Días después, Facebook envió al Sr. Bors un mensaje diciendo que había eliminado “Boys Will Be Boys” de su página de Facebook por “defender la violencia” y que estaba en libertad condicional por violar sus políticas de contenido.

No era la primera vez que Facebook lo atacaba. El año pasado, la compañía eliminó brevemente otra caricatura de Nib, una crítica irónica de la respuesta a la pandemia del expresidente Donald J. Trump, cuya sustancia apoyaba el uso de máscaras en público, por “difundir información errónea” sobre el coronavirus. Instagram, propiedad de Facebook, eliminó una de sus caricaturas sardónicas contra la violencia en 2019 porque, según la aplicación para compartir fotos, promovía la violencia.
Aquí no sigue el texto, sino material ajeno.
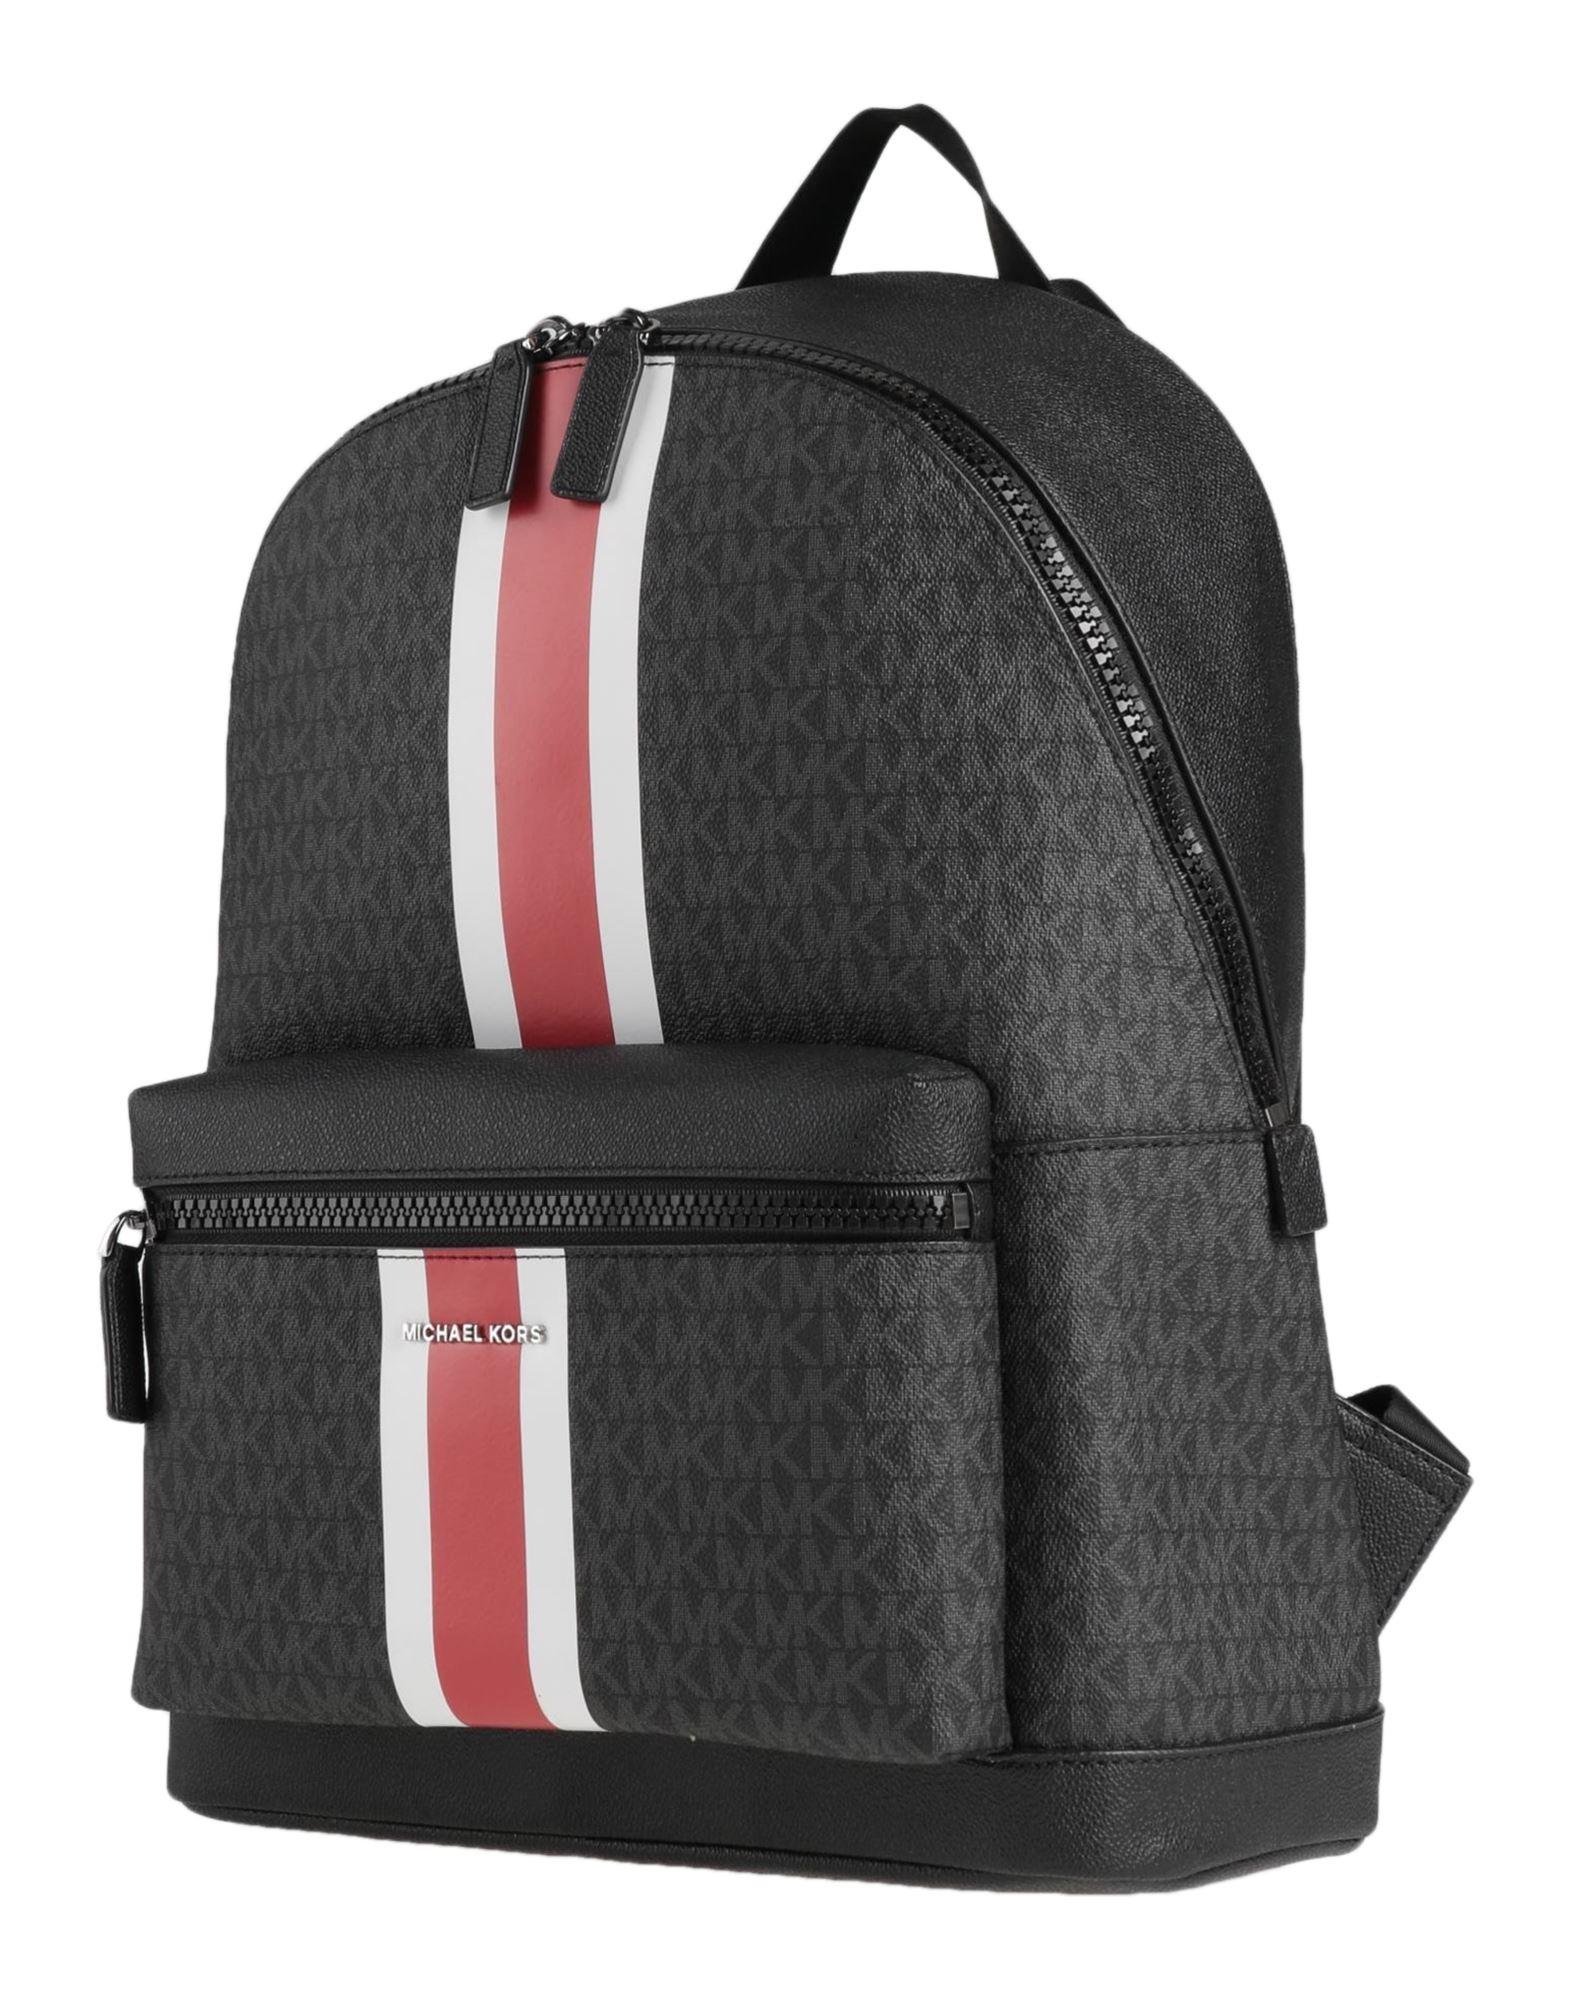 MICHAEL KORS MENS Hudson Pebbled Leather and Logo Stripe Backpack

Lo que encontró el Sr. Bors fue el resultado de dos fuerzas opuestas que se desarrollaron en Facebook. En los últimos años, la compañía se ha vuelto más proactiva a la hora de restringir ciertos tipos de discurso político, reprimiendo las publicaciones sobre grupos extremistas marginales y los llamamientos a la violencia. En enero, Facebook prohibió a Trump publicar en su sitio por completo después de que incitó a una multitud que irrumpió en el Capitolio de Estados Unidos.

Al mismo tiempo, dijeron los investigadores de desinformación, Facebook ha tenido problemas para identificar el contenido político más escurridizo y sutil: la sátira. Si bien la sátira y la ironía son comunes en el habla cotidiana, los sistemas de inteligencia artificial de la empresa, e incluso sus moderadores humanos, pueden tener dificultades para distinguirlos. Eso es porque ese discurso se basa en matices, implicaciones, exageraciones y parodias para hacer un punto.

Eso significa que Facebook a veces ha malinterpretado la intención de las caricaturas políticas, lo que ha llevado a derribos. La compañía ha reconocido que algunas de las caricaturas que eliminó, incluidas las del Sr. Bors, fueron eliminadas por error y luego reinstaladas.

Lea también:  Los datos modernos muestran que el ARNm no es una solución rápida para la vacuna contra la gripe

“Si las empresas de redes sociales van a asumir la responsabilidad de regular finalmente la incitación, las conspiraciones y el discurso de odio, entonces tendrán que desarrollar algo de alfabetización en torno a la sátira”, dijo Bors, de 37 años, en una entrevista.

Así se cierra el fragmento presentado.